Monday, October 05, 2009

Could be a good time to be not yet in print

Google and the Authors Guild announced today that they're revising an agreement to pay authors for printed books that get read online. Along with the American Association of Publishers, the parties wanted to give Google the clear path to scanning millions of printed works, then offering them to read over the Web.

There might be no better time to stay out of print than now, while your as-yet-unpublished book isn't covered by the agreement. Published writers, you and your publisher have until June, 2010 to file an objection to the agreement if Google has already scanned your book. Nobody has seen the latest version of the agreement promised today. But DC Comics and Microsoft have filed objections to the existing settlement.

The Authors Guild threw up a roadblock to Google's scan-and-display policy when it was announced last year. A fairness hearing in US, scheduled for today, has been delayed until next month.

The Guild is the domain of the published writer, and the organization takes its eligibility to an exclusive level. Even if you have a book contract, it must "include a royalty clause and a significant advance, and must allow the author to retain copyright." Independent book publishers, who are accepting new books from new authors at a faster rate than major presses, are skipping advances these days. The Guild accepts members whose books are "published by an established American publisher... excepting small literary presses of national reputation."

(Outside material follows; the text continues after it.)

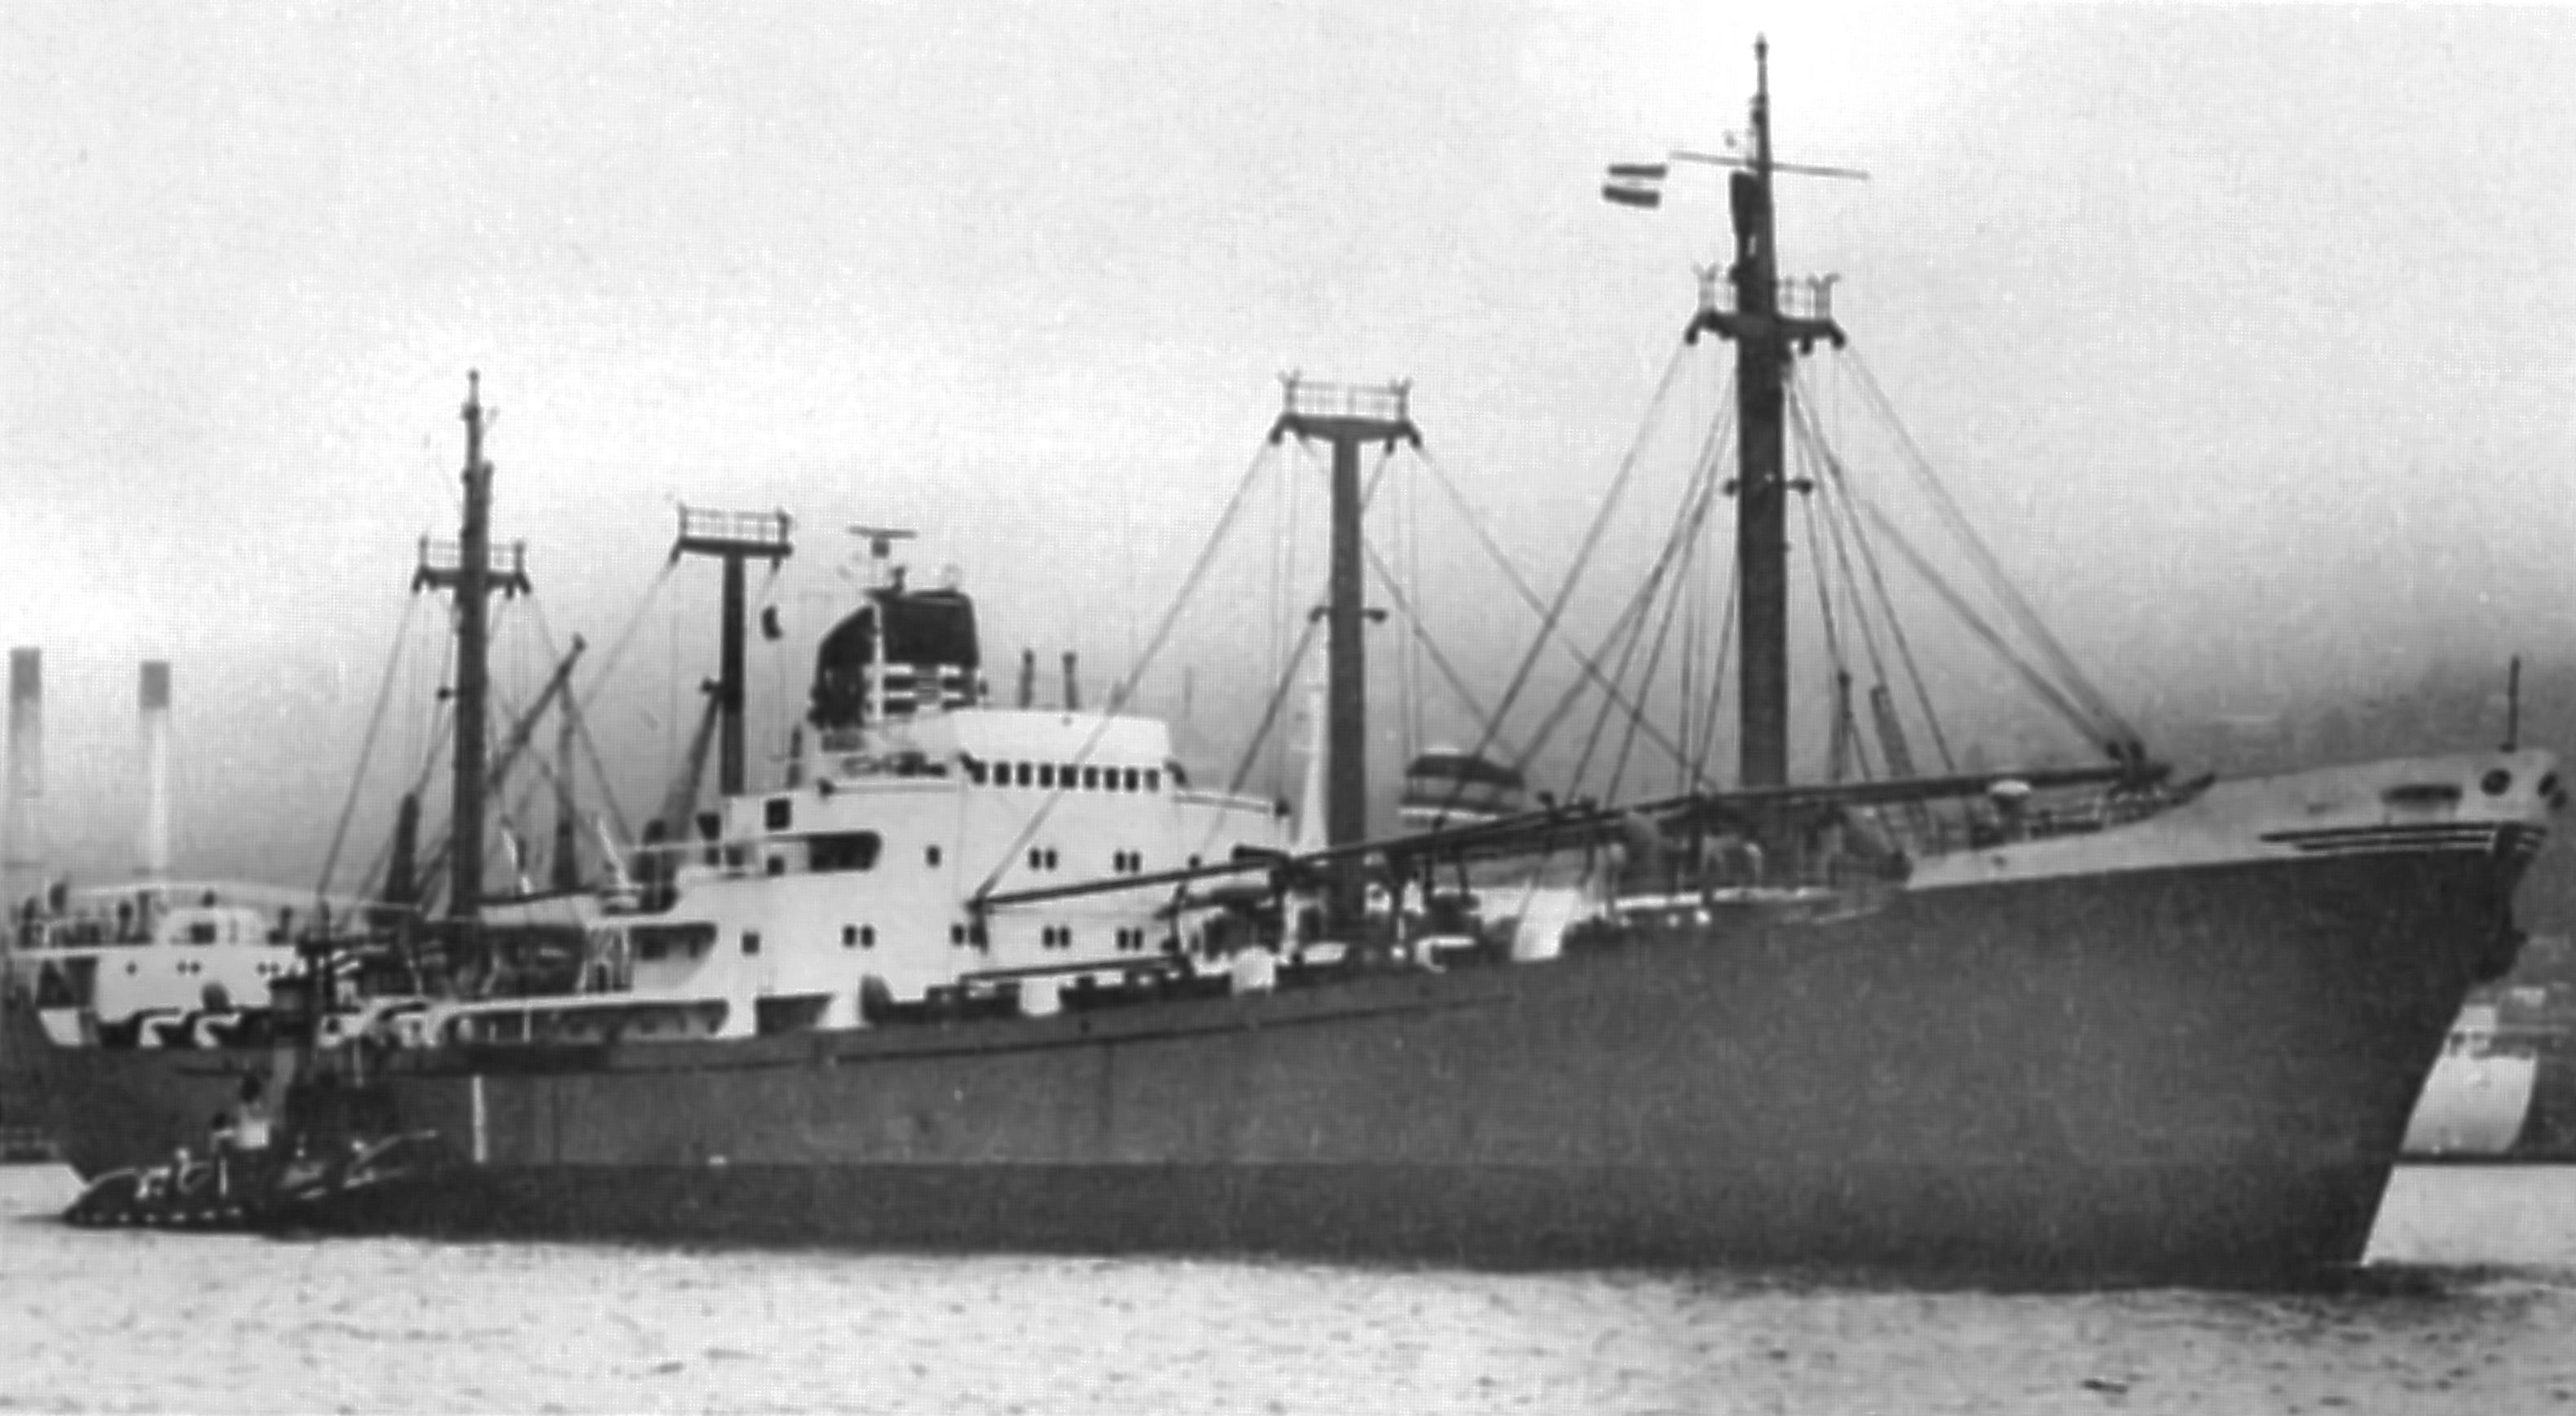 """Cargoul """"Vrancea"""" (ex-""""Vishva Shanti"""") în rada portului Durban, 1975. Primul comandant al navei a fost căpitanul de cursă lungă Mihail Moraru, care a fost și comandantul petrolierului """"Unirea"""" (150.000 tdw), care, în urma unor explozii la bord, s-a scufundat în apele Mării Negre la data de 13 octombrie 1982 (vezi volumul """"Naufragiul petrolierului UNIREA - cea mai mare catastrofă navală din anul 1982"""")."""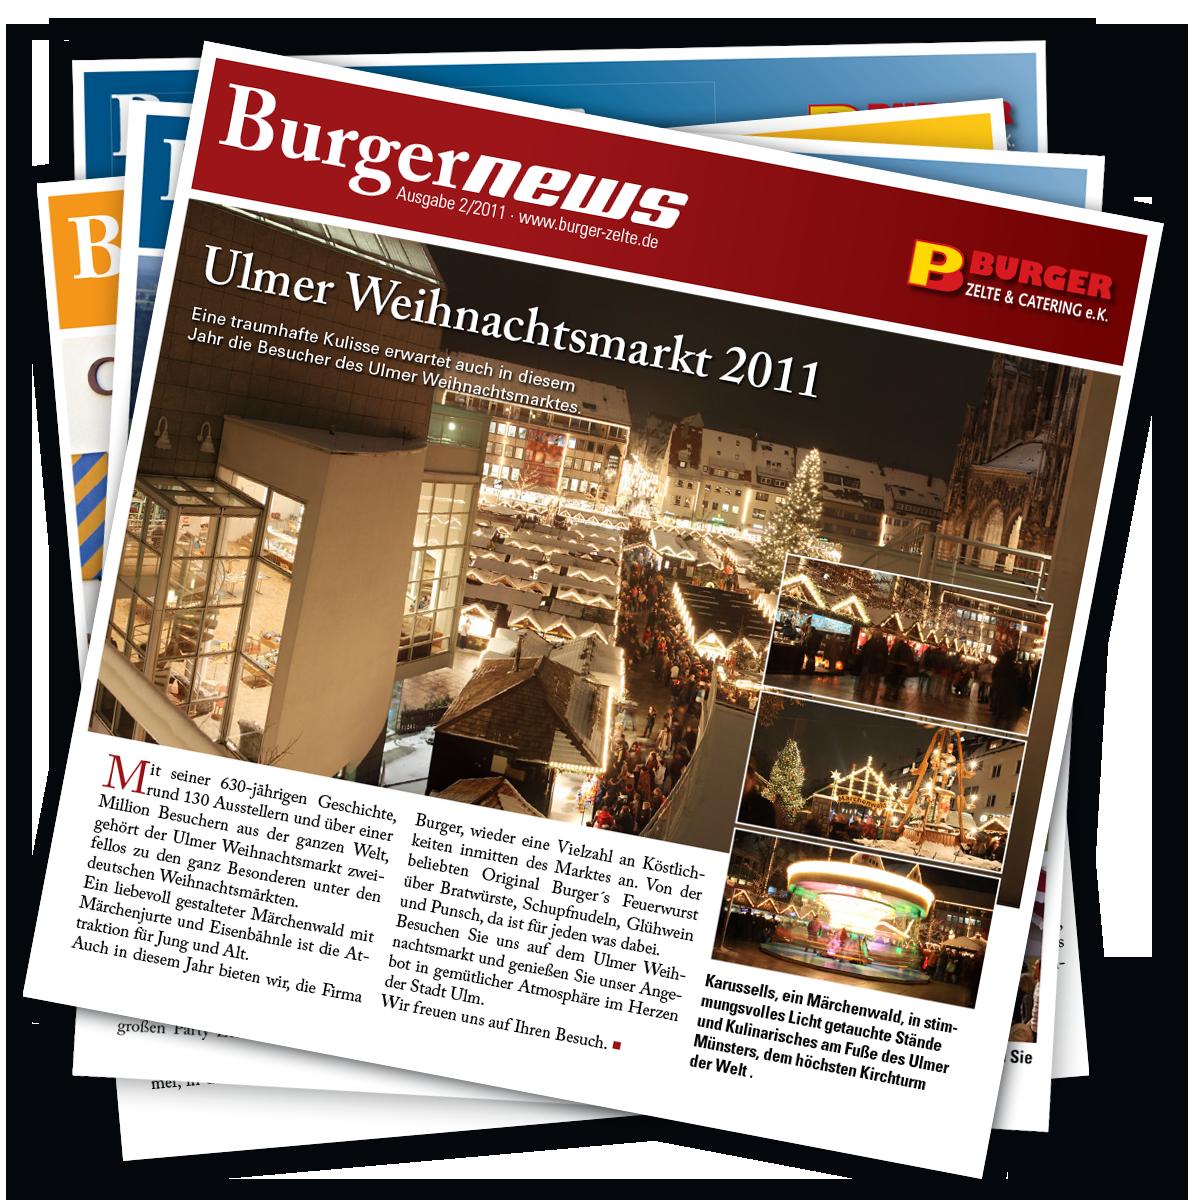 Burger Zelte Catering Kundennews Werbeagentur Babenhausen

So whatever agreement the Guild, major publishers and Google arrive at, it won't keep you from disputing when Google scans your small-press book and charges to read it. With exclusive eligibility requirements like these, Google is just ensuring that those left out of the agreement will probably welcome the online readership as a way to promote the books -- which will likely have links to online stores. That's where Google makes its money anyway, not in the per-reader charges.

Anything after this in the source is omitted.